At a time when Tiffany, Belinda Carlisle and Europe were topping the charts, one band came along and re-affirmed the thinking music aficionado’s faith in popular music. The eighties started promising enough with the emergence of New Wave but several years of cocaine fuelled self indulgence had left the doors wide open for the Milli Vanilli scandal that was just around the corner. “Appetite For Destruction” was the debut album from the Gunners. Unbelievably, the band left arguably their greatest song, ‘November Rain’ off this collection, feeling they already had an abundance of ballads. And despite being over hyped by rock journalists the world over, the band hailed as the new Rolling Stones and next big thing, for once, really did live up to those lofty expectations in a way the Strokes never could. Twenty eight million sales later and the rest, as they say, is history. What made this album special was that these songs were all road tested on the Los Angeles club circuit for many months before being committed to tape.
Before the drugs, debauchery and private jets got hold, Axel, Slash (who mainly wrote “Rocket Queen”), Duff (who wrote most of ‘It’s So Easy’) and Izzy (“Think About You” which is a song inspired by his use of heroin) were all writing great songs and were unarguably some of the most incredible musicians in the rock/metal genre of the era. You only have to compare how incredible spin off band, Velvet Revolver sounded, compared to Axel and some random session musicians on the bloated and frankly embarrassing ‘Chinese Democracy’. As you would expect, some of these songs were inspired by encounters with groupies, notably “My Michelle”. Occasionally, the lyrics break away from the sex and drugs theme, Axel got the idea for “Welcome To The Jungle” when he picked up a crazy hitchhiker on his way to LA from his small town home in Indiana. The song is notable for the UK release, which contained an ACDC cover of “Whole Lotta Rosie” on the b-side. The irony of Axel drawing inspiration from mental illness would not be lost in the future when a diet of drugs and alcohol would result in some bizarre behavior and god-awful music, an album of covers, “The Spagetti Incident” being the pinnacle of subsequent career low points.

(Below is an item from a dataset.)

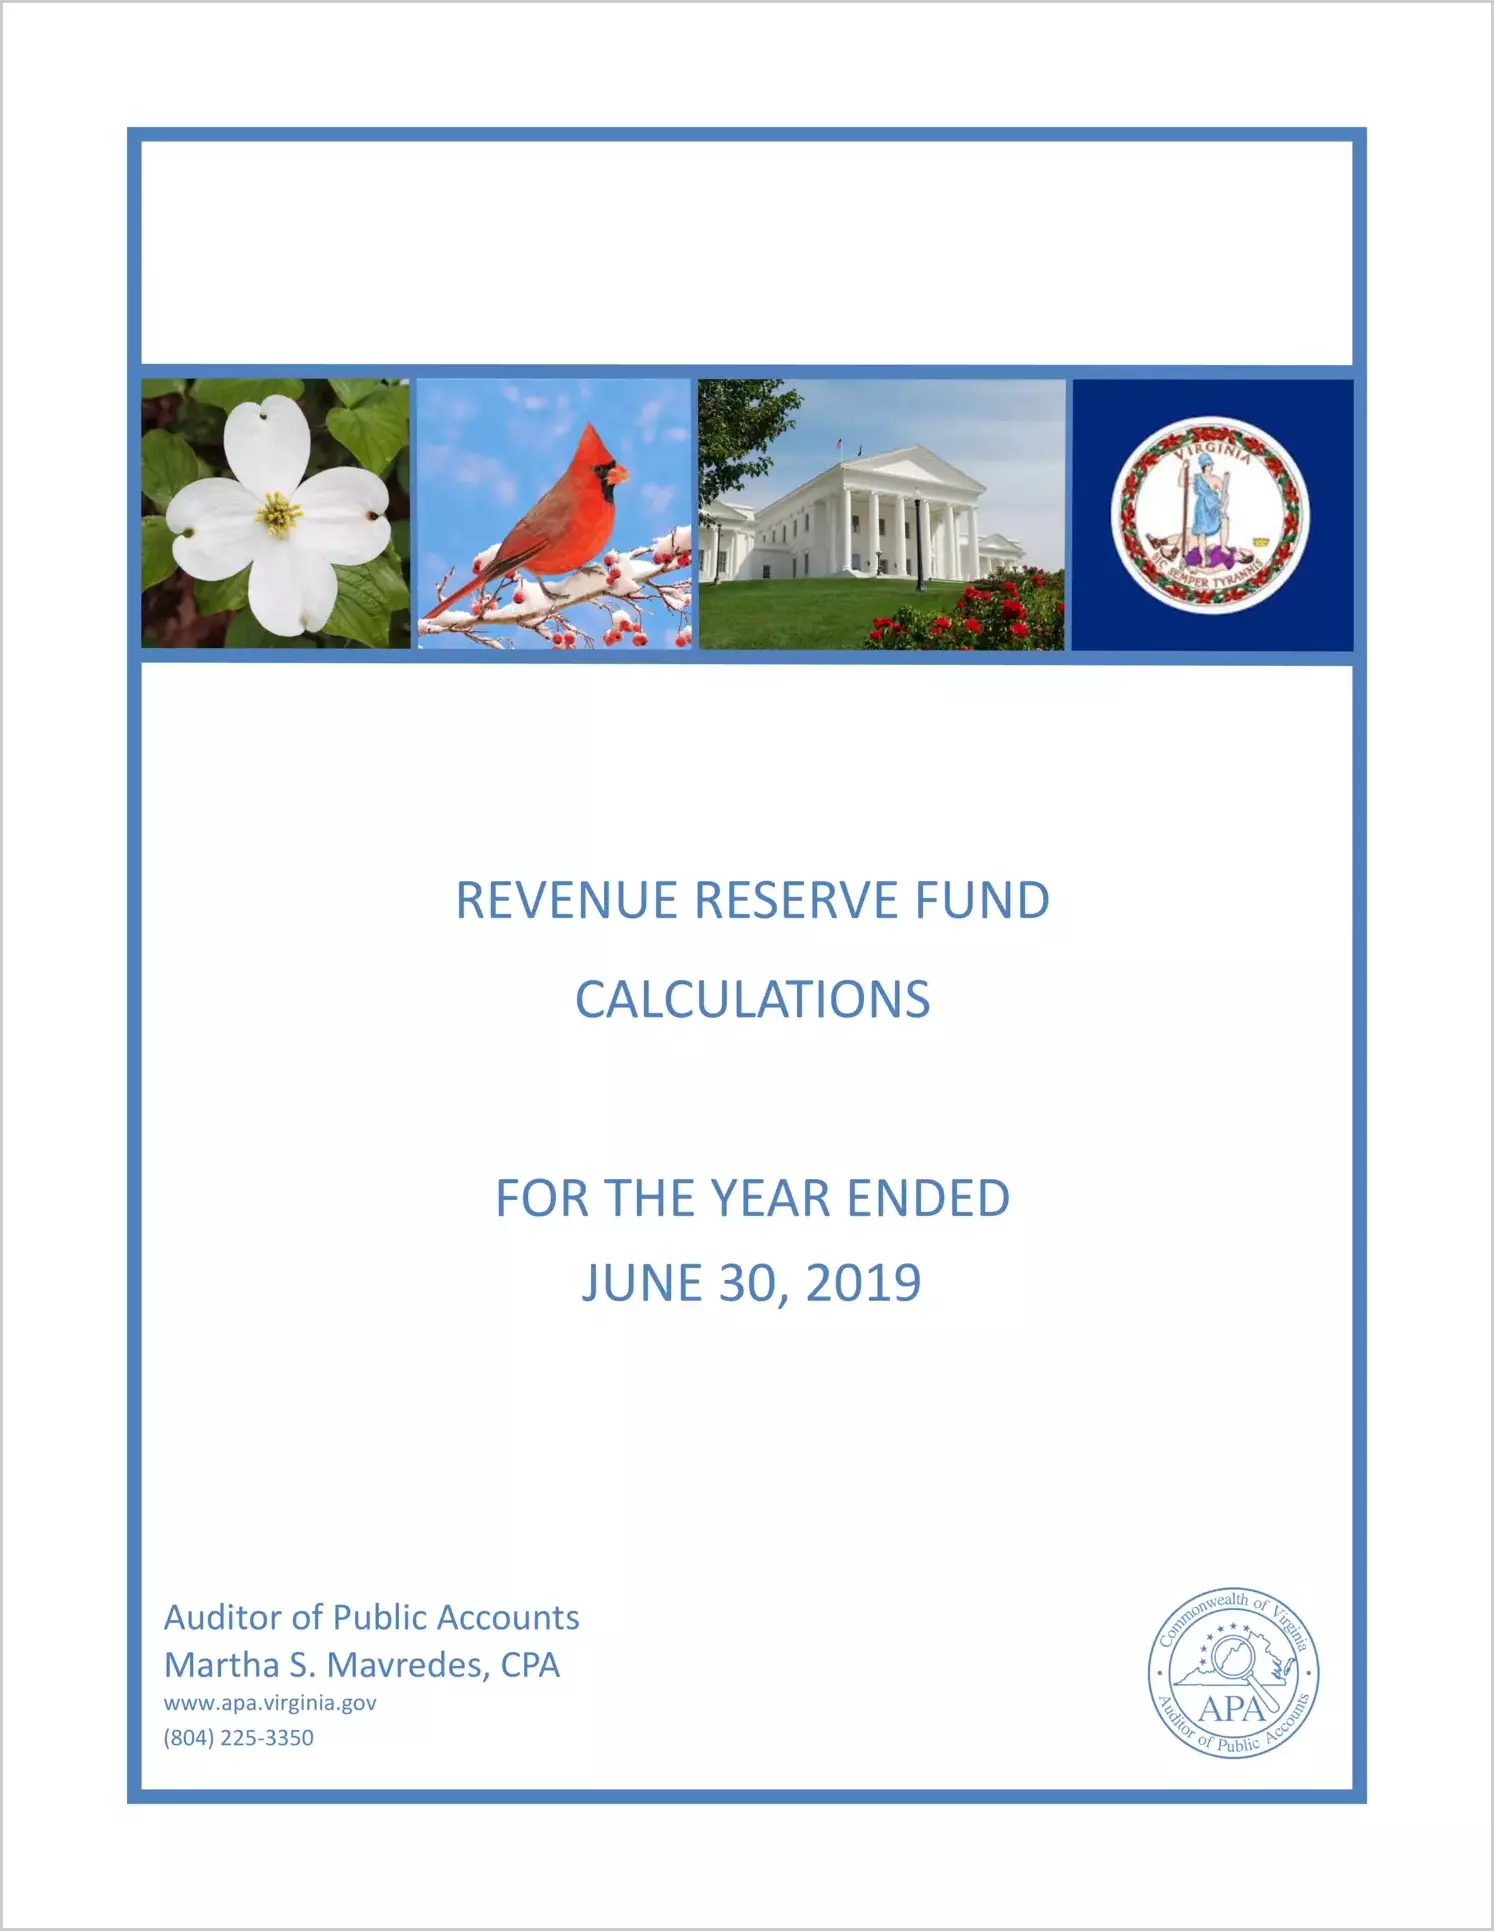 Revenue Reserve Fund Calculations for the year ended June 30, 2019

If one song is the centerpiece of this album, it is “Paradise City” written mainly by Slash in the back of a van, the original Eric Cartman-like lyric, sadly left on the cutting room floor, “where the girls are fat and they have got great titties”. A curious footnote in this album’s legacy was that the original cover featuring robot rapists was consigned to the scrap-heap after the band’s label Geffen were forced to take it off the market. All great albums generally have one sing-a-long anthem, on this album being “Sweet Child of Mine”, which went to number one virtually everywhere on planet earth. This song was inspired by Slash’s then girlfriend, Erin and in Slash’s autobiograghy he confesses the famous riff at the start was intended as a musical joke, only the rest of the band loved it and insisted it be included in the final version.